With all of these factors interfering with their ability to get those nine hours of sleep each night, is it any wonder that sleeping disorders in teens are becoming commonplace? It’s estimated that up to 30% of teenagers may experience some form of sleep disorder, and parents of teens may convince you that the percentage is likely even higher.

Sleep Deprivation & Adolescence

A poll completed by the National Sleep Foundation in 2006 found a strong correlation between feelings of sadness and inefficient teenage sleep patterns. More than 70% of the teens who experienced depression and/or routine sadness also reported feeling tired during the day due to sleep deprivation. The signs of a sleep-deprived teenager are easily confused with normal mood swings and the growing pains of adolescence, but parents may notice one or more of the following signs of teen sleep deprivation:

    • A tendency to fall asleep at inappropriate times without a cellphone, caffeine or other constant stimulants
    • Problems waking up in the morning, which may lead to tardiness and/or unexcused absences at school
    • Unexplained depression and/or signs of unhappiness
    • Falling asleep in class or while doing homework, often resulting in uncompleted assignments and low grades

Teens are at greater risk for car accidents, dropping out of high school, drug and alcohol abuse, and making poor judgments that impact the rest of their life when they don’t get enough sleep at night. They simply cannot deal with the hormonal surges and emotional changes that come with adolescence when their brains aren’t well rested.

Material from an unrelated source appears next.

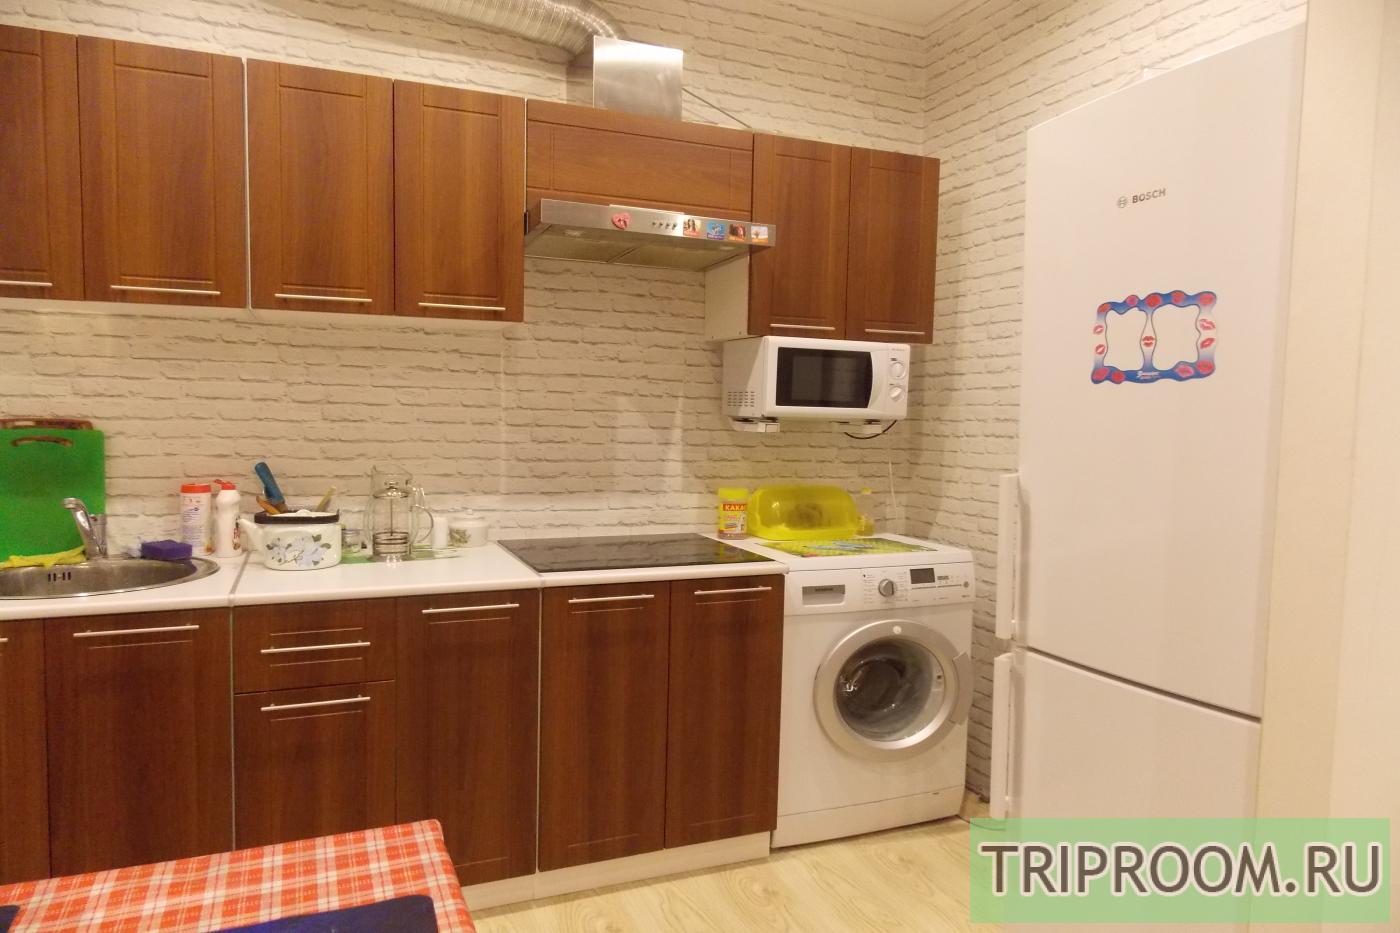 1-комнатная квартира посуточно (вариант № 14659), ул. Московский проспект, фото № 3

Can You Turn It Around for Your Teen?

Experts recommend breaking typical routines of modern teen life in order to develop healthy teenage sleep patterns. They want teenagers to avoid caffeine, video games, computers, televisions, and even bright light through the windows in the evening. They also suggest sleeping in no more than an extra three hours on the weekends. Parents can also help by allowing their teen to select a mattress that they find comfortable and by setting their teen’s bedroom up for sleep success. This means eliminating electronics at least a few hours before bedtime. If there are any signs of sleep disorders, it’s critical that parents help their teen find professional help.